PUBLIC SERVICE IS A NATURAL MEDITATION-IN-ACTION!
Successful business leaders are often know for their tough exteriors. Meditation and spirituality aren’t highlighted in their job description. Yes, it is okay to attend Sunday church services, even serve meals in a skid row soup kitchen on Thanksgiving. But when you’re negotiating a merger, closing a big sale, appeasing disgruntled investors or disciplining a key employee, you better be focused, disciplined and tough. Let your guard down and the sharks will eat you alive.
Executives often show their softer side in other ways, especially such as public service, through volunteer work in charities and civic organizations. They balance toughness, compassion and service for the greater good, and often find that it’s good for business too.
One example was reported Fortune magazine, in an article about Hank Paulson, CEO of Goldman Sachs, a $45 billion Wall Street investment banking powerhouse with 20,000 employees worldwide. Having worked for his arch-rival, Morgan Stanley, I was especially intrigued by Paulson’s ability to balance business and public service.
Paulson is not only a tough executive—“carved features without a hint of softness … a really, really ruthless competitor”—he has “another equally intense existence, as a lover of wildlife and protector of the environment.” He also serves as co-chair of the $3.3 billion Nature Conservancy, the world’s largest nonprofit environmental organization.

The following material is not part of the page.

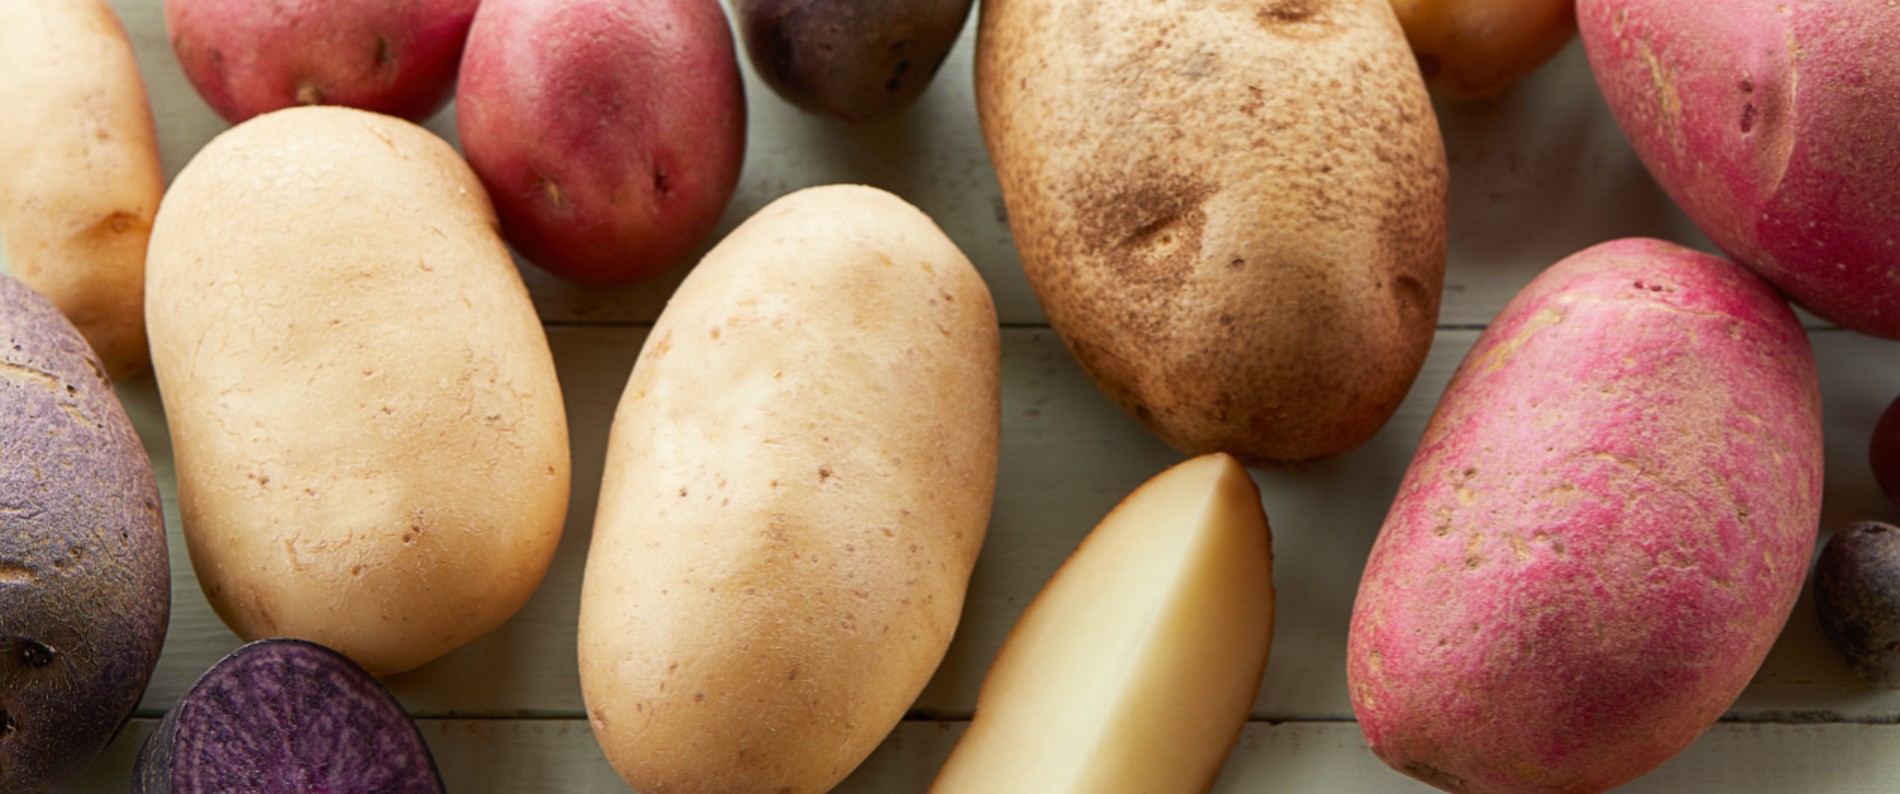 U.S. Potato Farmers Share the Best Way to Store Potatoes

As a young man Paulson wanted to become a forest ranger. Today he’s living that dream. His travels take him and his supporters in the Conservancy to Indonesia’s rain forests, China’s mountain reserves, the coral reefs of Palau in the Western Pacific, and other endangered areas of Asia.
Paulson says: “It isn’t like I’m trying to do good, this is really fun for me.” And yet the guy is doing a lot of good, driven by a deep conviction that saving the environment is a “race against time, the ultimate global issue.” Meditation? Yes, a life filled with such intense focus and passion at work and in public service is a perfect meditation.
MAKING A DIFFERENCE IN THE WORLD
Tex Gunning, president of Unilever Bestfoods Asia is another example. Gunning is an economist by training according to an article in “What is Enlightenment?” magazine. Early in his career he became a “restructuring” expert—a corporate hatchet man. But in midlife, he decided he no longer wanted to “keep sacking and keep restructuring and keep cutting costs.”
Gunning had an epiphany: “I didn’t want to live a life creating an illusion of meaningfulness while deep in my heart I knew that every five seconds there is a child dying.” He decided he would “make a difference in the lives of unbelievably poor children in Asia. Their suffering is just unimaginable. I said to myself, I have no choice” Unilever backed him and since then he’s started profitable food businesses in fifteen countries. This is meditation in action, different and perhaps more effective than retreating into a monastery.